RegEx is slow (can we make faster hex functions?)
Noticed a recent attempt at speeding up some functions by switching to RegEx. But RegExes are usually slower than iterating over strings.
For example, this function:
https://github.com/MetaMask/utils/blob/1bea7f378c37117260912af1921556bc57110d20/src/hex.ts#L60
Is probably about 4-5x slower than something like this:
function isHexAddress(str) {
if (typeof str !== "string" || str.length !== 42) return false;
if (str[0] !== '0' || str[1] !== 'x') return false;
for (let i = 2; i < 42; i++) {
let code = str.charCodeAt(i);
// numbers and lowercase a - f
if (!((code >= 48 && code <= 57) || (code >= 97 && code <= 102))) {
return false;
}
}
return true;
}
(don't take my word for it. this should be tested further)

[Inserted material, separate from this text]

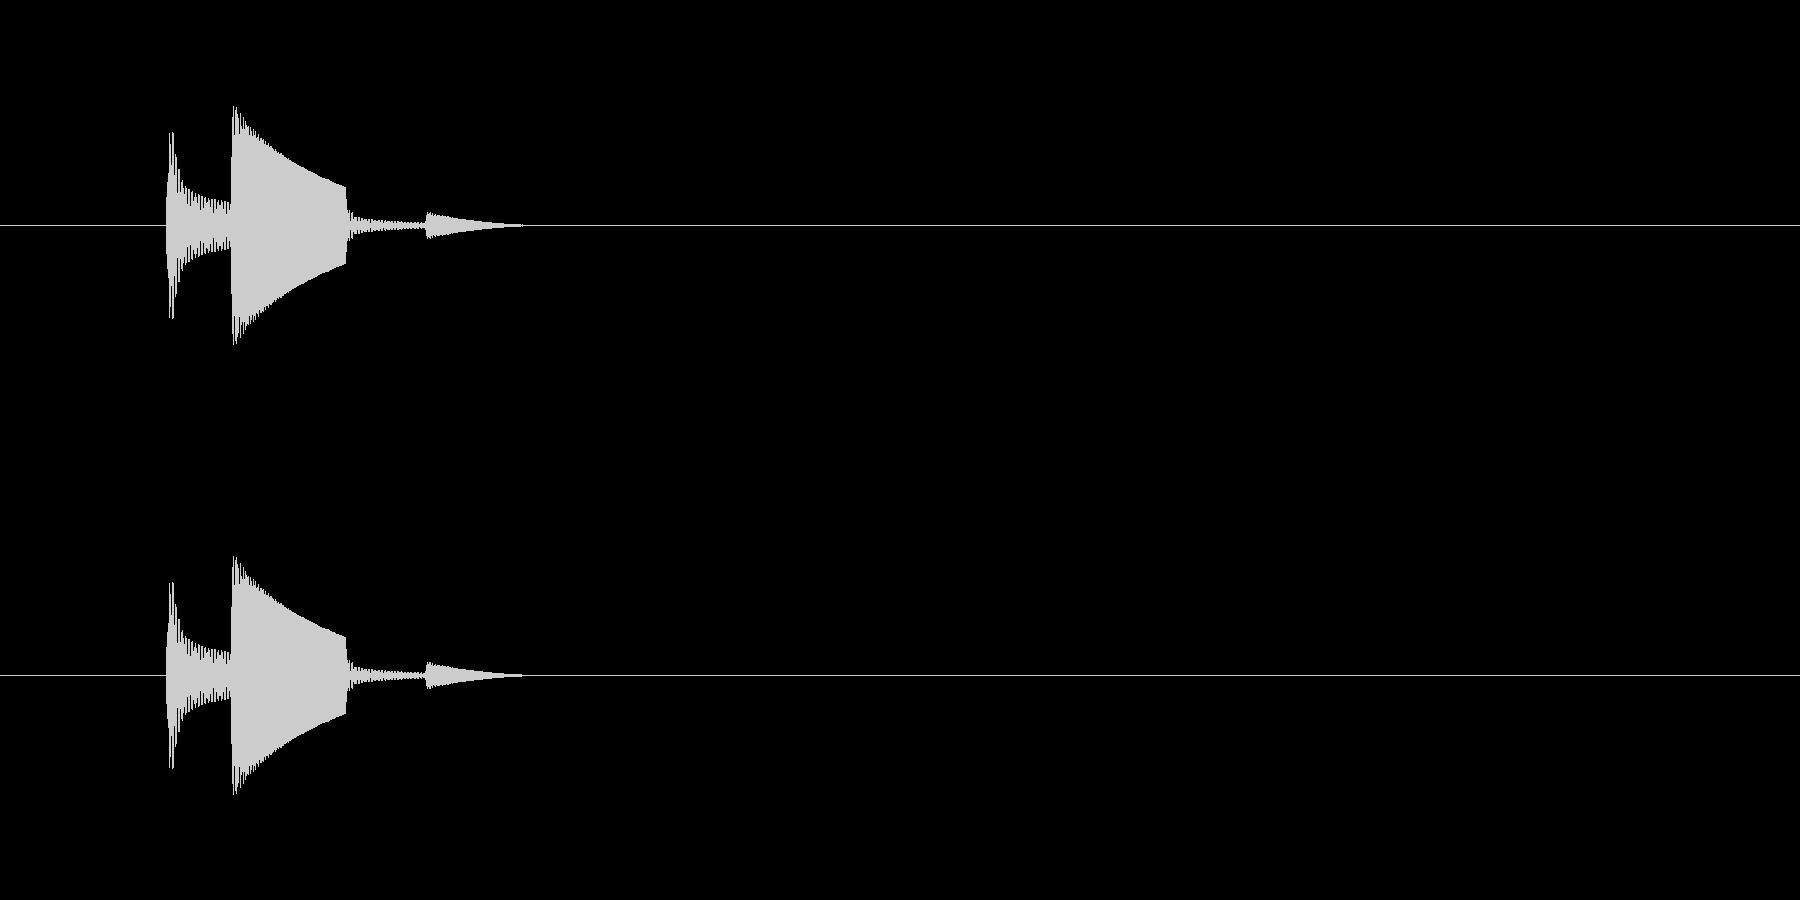 ピコン(アラート、警告、低い)の未再生の波形

I got into some further optimizations:
function isHexAddressCaseInsensitiveFast(str) {
if (typeof str !== "string" || str.length !== 42) return false;
if (str[0] !== '0' || str[1] !== 'x') return false;
for (let i = 2; i < 42; i++) {
// transform the character code for case-insensitivity
const charCode = str.charCodeAt(i) & 0xDF;
// after transformation, '0'-'9' are in the range 16-25
const numberRange = (charCode - 16) | (25 - charCode);
// after transformation, 'a'-'f' are in the range 65-70 ('A'-'F'), `A`-`F` remains unchanged
const letterRange = (charCode - 65) | (70 - charCode);
// identifies if the charCode is OUTSIDE of both valid ranges.
if (((numberRange & letterRange) & 0x80000000) !== 0) {
return false;
}
}
return true;
}
for a 50% spread of 1000000 valid/invalid mix-cased strings the runtimes are:
isHexAddressCaseInsensitive: 238.701ms (uses `HEX_CHECKSUM_ADDRESS_REGEX`)
isHexAddressCaseInsensitiveFast: 50.609ms
Ok, I'm going to stop now. Use bitwise responsibly. :-)
@davidmurdoch I thought your view was that these changes to the hex functions were in the end micro-optimizations? Do you think it's still worth it to optimize them further?